- original French film poster
- Directed by: Augusto Genina
- Written by: René Clair G. W. Pabst
- Produced by: G. W. Pabst Augusto Genina
- Starring: Louise Brooks Georges Charlia Augusto Bandini
- Music by: Wolfgang Zeller (sound version, 1930)
- Release date: 1 August 1930 (France);
- Running time: 93 min. (France, US) 108 min. (Germany)
- Country: France
- Language: French

= Prix de beauté =

1930 film directed by Augusto Genina

Prix de Beauté ("Beauty Prize", UK title: Miss Europe) is a 1930 film directed by Augusto Genina. The film is notable for being the first sound film made by star Louise Brooks, although all of her dialogue and singing were dubbed. This film is an early example of sound film in France, along with L'Age d'Or and Under the Roofs of Paris.

==Plot==

Prix de beauté (1930)

Despite knowing of her jealous fiancé Andre's strong contempt for beauty contests, typist Lucienne "Lulu" Garnier (along with many other hopefuls) mails two photographs of herself to enter the Miss France contest sponsored by the Globe newspaper. Upon further consideration, she tries to withdraw, but it is too late: she has already been chosen as a finalist. When she wins, she has to travel to Spain immediately to compete for the crown of Miss Europe without having an opportunity to break the news to Andre. When he finds out, he rushes to the train station too late.

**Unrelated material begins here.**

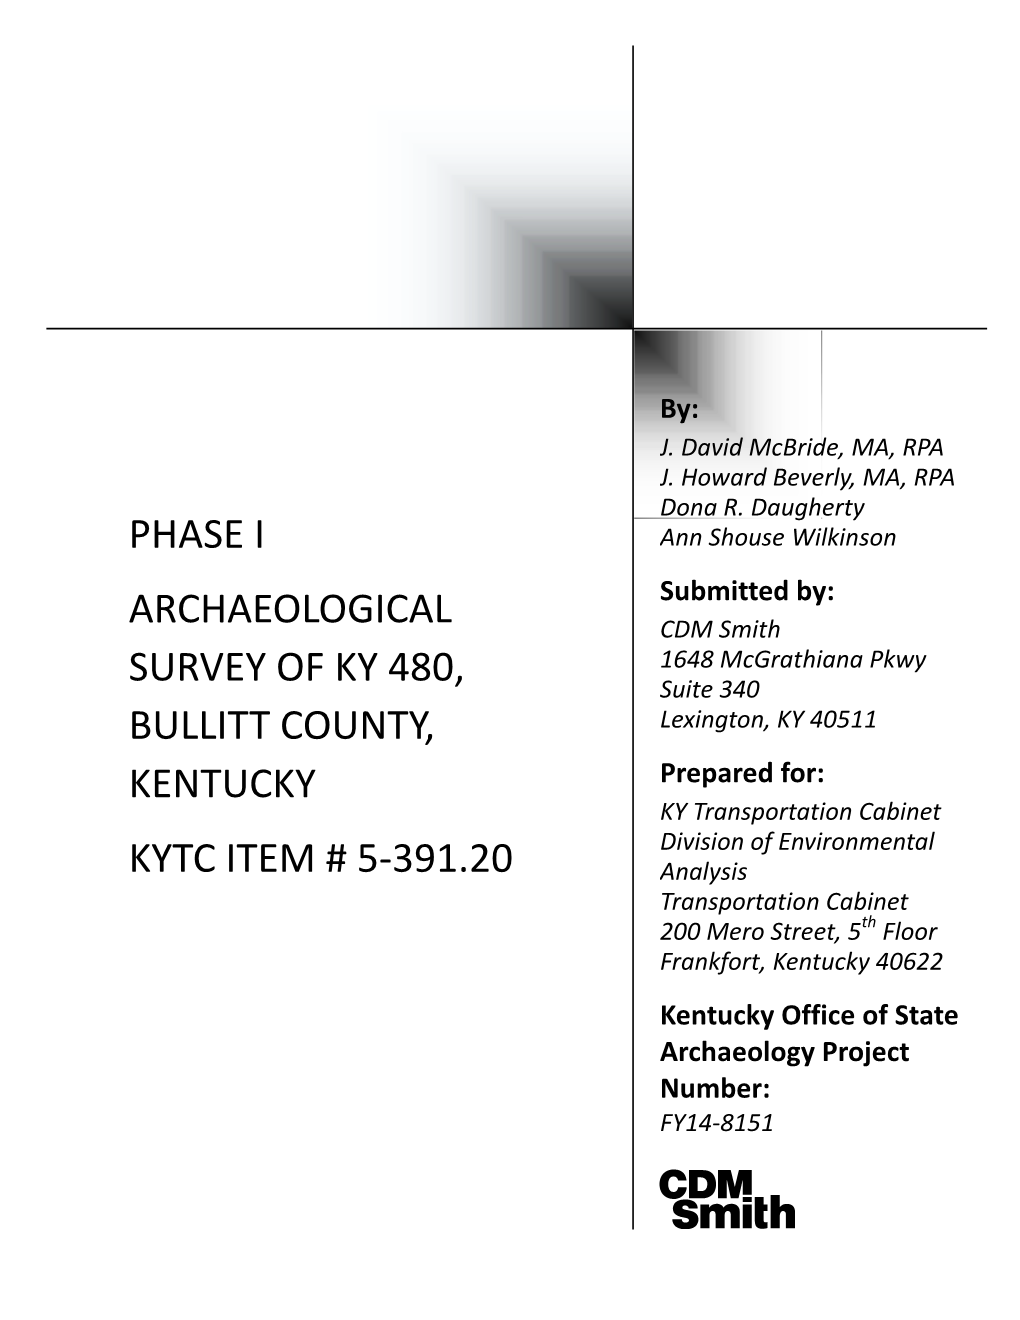 Phase I Archaeological Survey Along KY 480 in Bullitt County, Kentucky

Lucienne is selected by audience applause to be Miss Europe. She attracts numerous ardent admirers, among them a maharajah and Prince Adolphe de Grabovsky. Andre shows up and gives her an ultimatum: return to France with him within the hour or they are through. She is torn, but chooses him.

However, she is miserable in their apartment. When Grabovsky tracks her down to offer her a film contract with Sound Films International, she tears up the contract, but later that night, reconsiders and sneaks away to accept, leaving only a letter of explanation for Andre.

She makes a short film, which the studio executives decide to premiere. By chance, newspaper worker Andre is given the item to typeset. He goes to see Lucienne, but is told that she is viewing the film and cannot be disturbed. He sneaks in anyway and shoots her as she watches herself on screen, killing her instantly. Andre drops the gun and makes no resistance when apprehended. The film shows Lucienne singing a song about a woman imploring her lover not to be jealous of other men's attentions.

==Cast==
- Louise Brooks as Lucienne Garnier
- Georges Charlia as Andre
- Augusto Bandini as Antonin, Lucienne and Andre's friend and co-worker
- Andre Nicolle as Le secretaire du journal, to whom Lucienne appeals to try to withdraw from the contest
- Marc Ziboulsky as Le manager
- Yves Glad as Le maharajah
- Alex Bernard as Le photographe, who takes a picture of Lucienne and Andre before her fame
- Gaston Jacquet as Le Duc
- Jean Bradin as Prince de Grabovsky

== Production ==
The original drafts of the screenplay was written by René Clair; however, because of a dispute between Clair and La Sociétédes Films Artistiques (SOFAR), the script was given to the Italian director Augusto Genina. Prix de beauté was shot in and around Paris between August 29 and September 27, 1929, including at the Studios Joinville, Joinville-le-pont, Val-de-Marne. The scenes of the Miss Europe beauty pageant (an actual event held in San Sebastian, Spain) were filmed in Paris at the Jardin d’ Acclimatation, where thousands of spectators had gathered.

==Preservation status==
The unsynchronized sound version has been in circulation for many years. However, on 18 July 2013, the San Francisco Silent Film Festival presented a restoration of the original silent version completed by the Cineteca di Bologna.